US Air Navy officer (1930–2001)

John David Yamnicky Sr. (8 June 1930 – 11 September 2001) was a United States Navy captain, naval aviator and test pilot. He graduated from the United States Naval Academy at Annapolis, Maryland, in 1952. While at Annapolis he played in the 1950 Army–Navy Game. He was one of 34 finalists for NASA Astronaut Group 3 selection in 1963, but was unsuccessful. He served in the Korean War and on two combat tours in the Vietnam War. He was killed in the terrorist attack on The Pentagon on 11 September 2001, on which American Airlines Flight 77, a hijacked aircraft crashed into The Pentagon that was flown by lead hijacker, Hani Hanjour.

== Early life ==
John David Yamnicky Sr. was born in Barren Run, Pennsylvania, on 8 June 1930, the son of John Joseph Yamnicky, a coal miner, and his wife Mary.
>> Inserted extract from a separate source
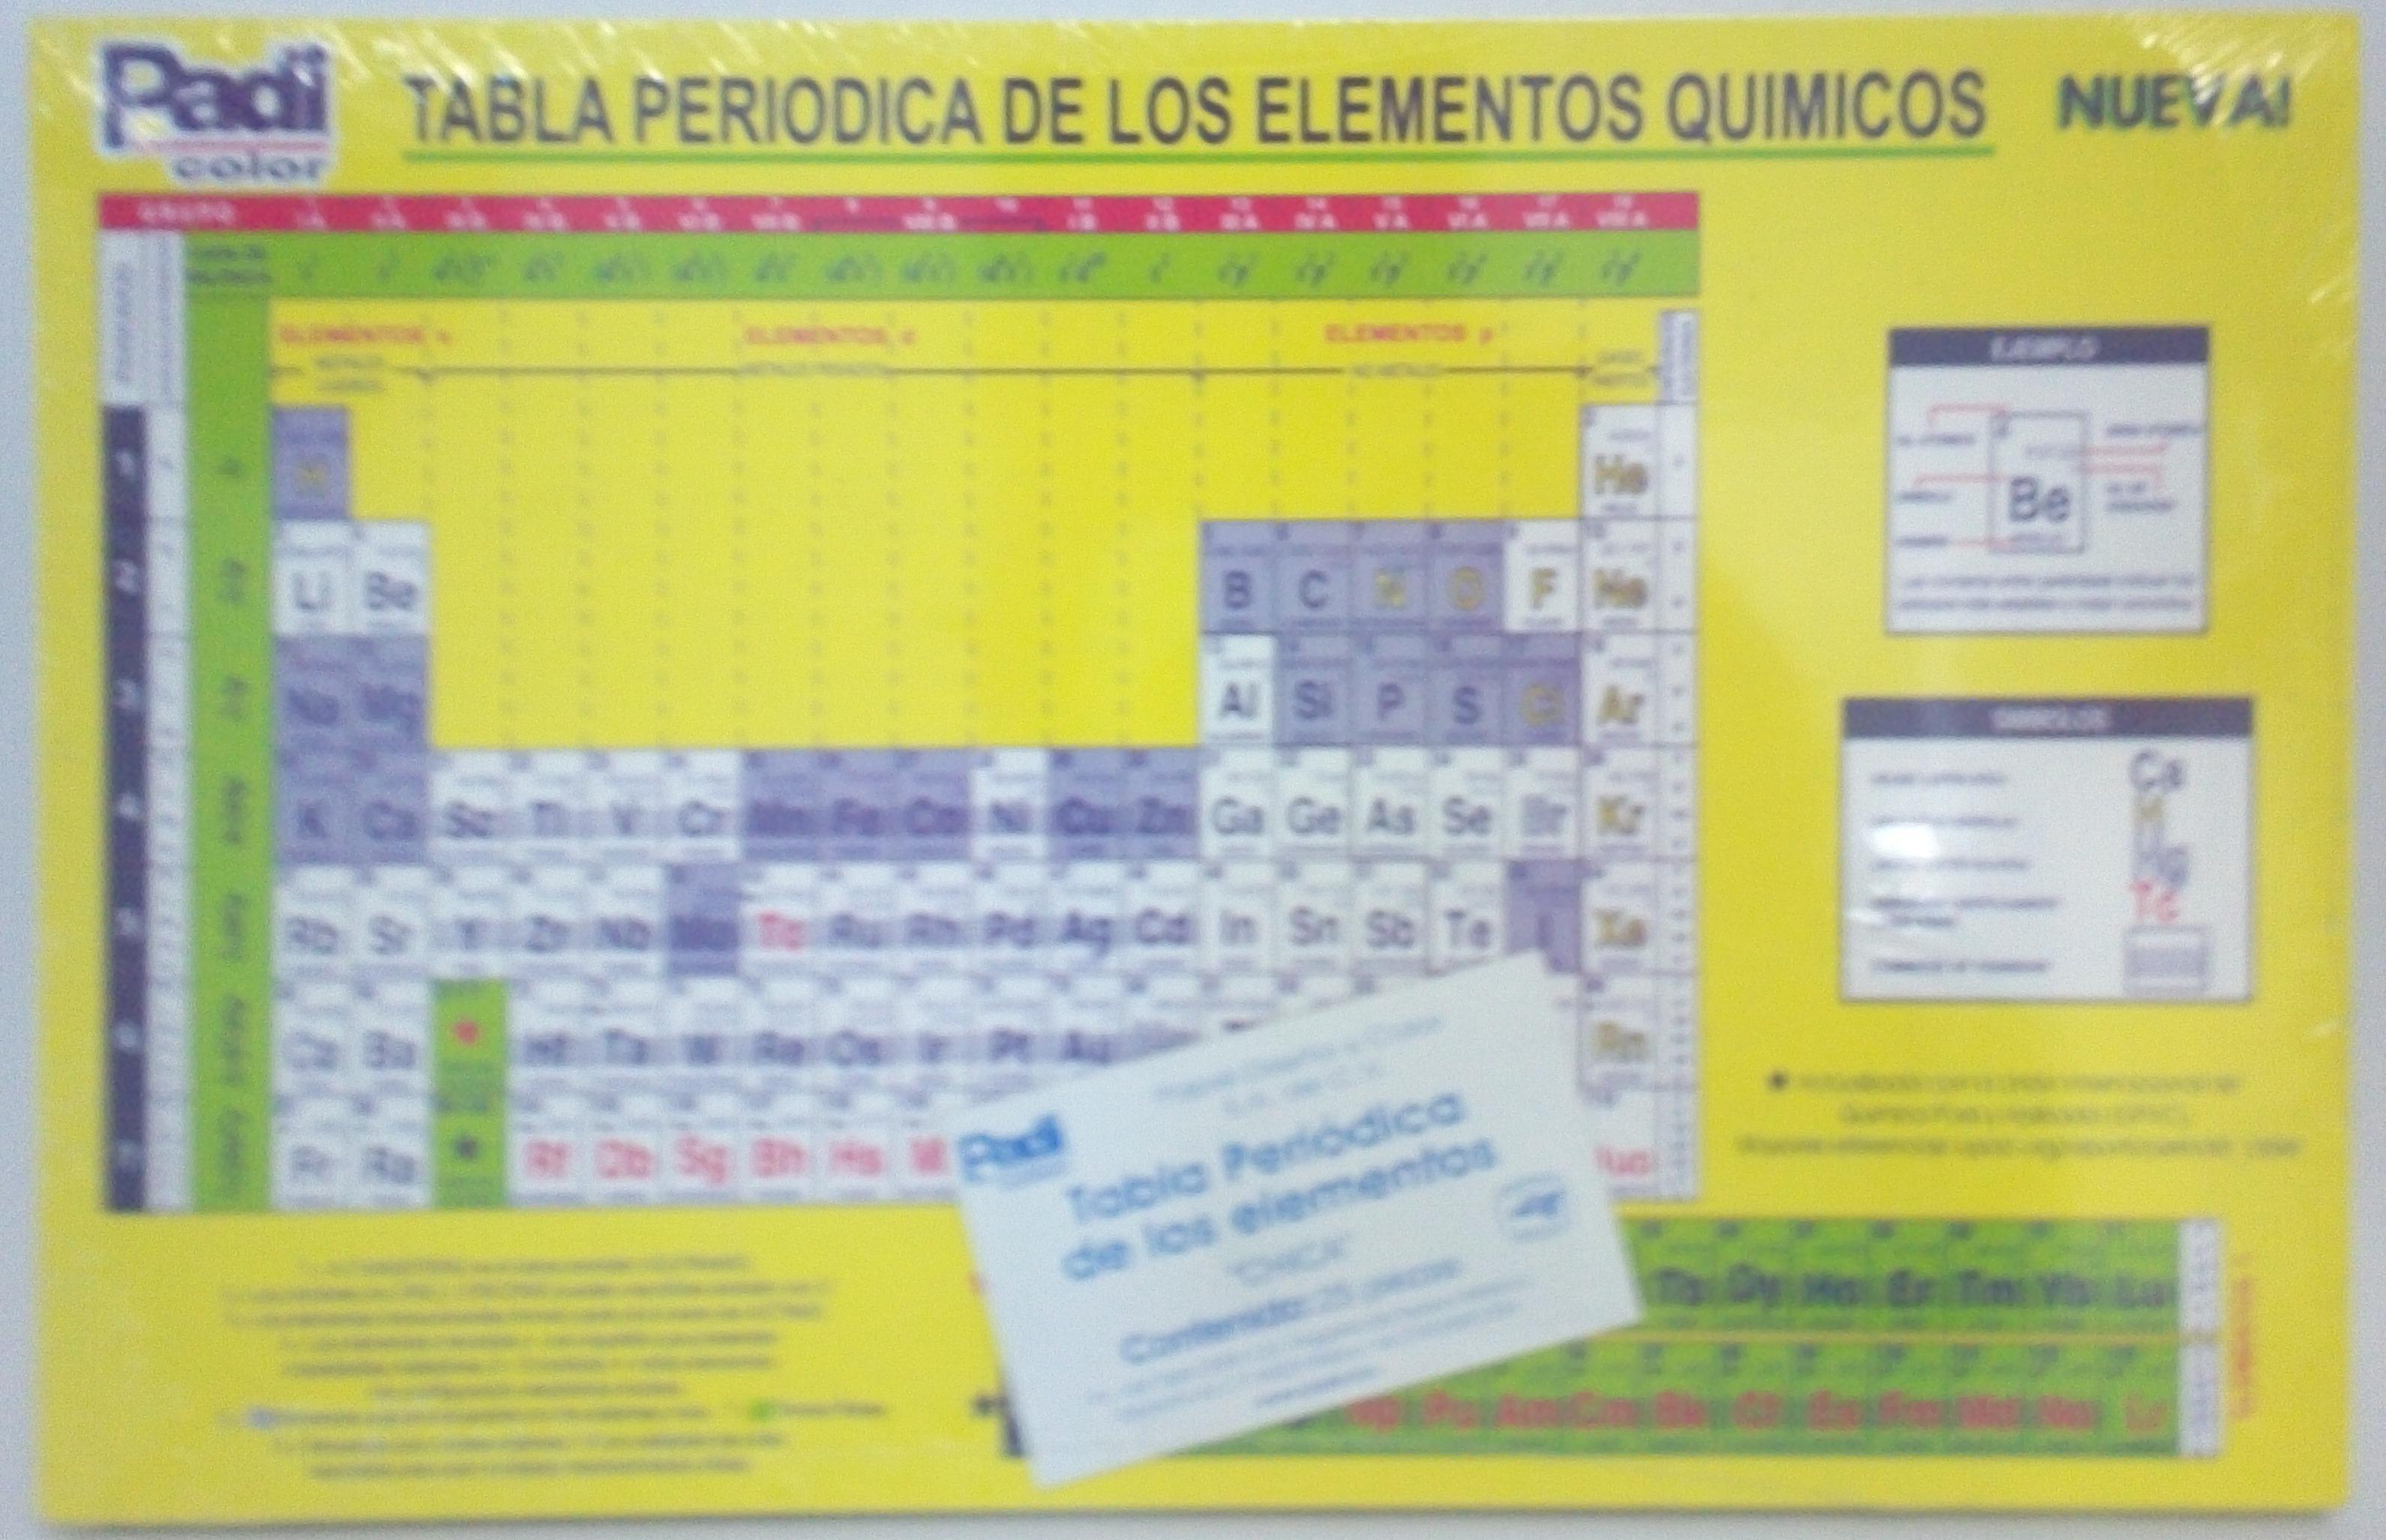 tabla periodica padi chica uv c25 - Tabla Periodica Bob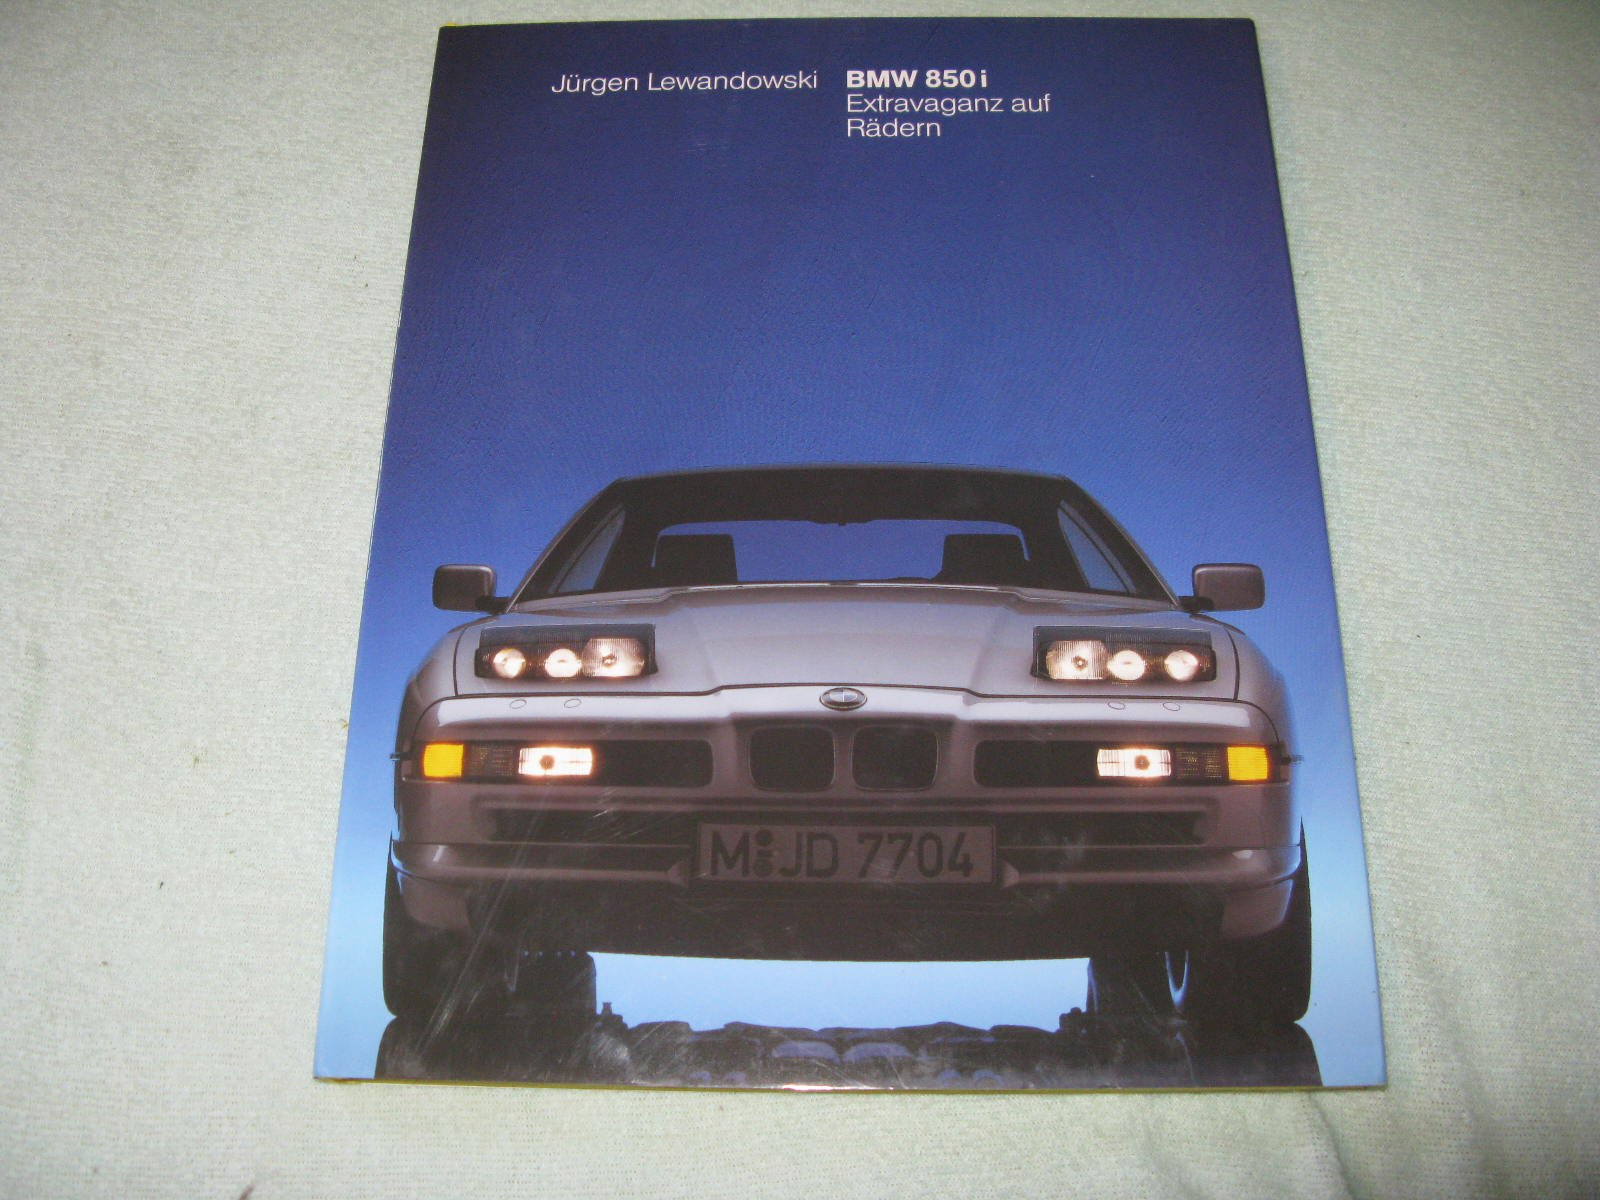 BMW 850i Extravaganz Auf Radern Amazonde Bucher

He had an older sister, Mary. His father became ill with a lung disease, and took a job in a candy factory. This prompted the family to move to McKeesport, Pennsylvania, where Yamnicky attended McKeesport Area High School. He took "David" as his middle name, adopting the middle name of his friend George D. Miller. In 1944, Yamnicky was part of the track and field athletics team, participating in the 220 yd and 440 yd events, and set records as a member of the 880 yd relay team. He also played basketball. In his senior year, he was a wide receiver on the school American football team, the McKeesport Tigers, who won the state championship and went on to play (and lose to) Miami in Scholastic Orange Bowl on Christmas Day 1947 before a crowd of 25,000.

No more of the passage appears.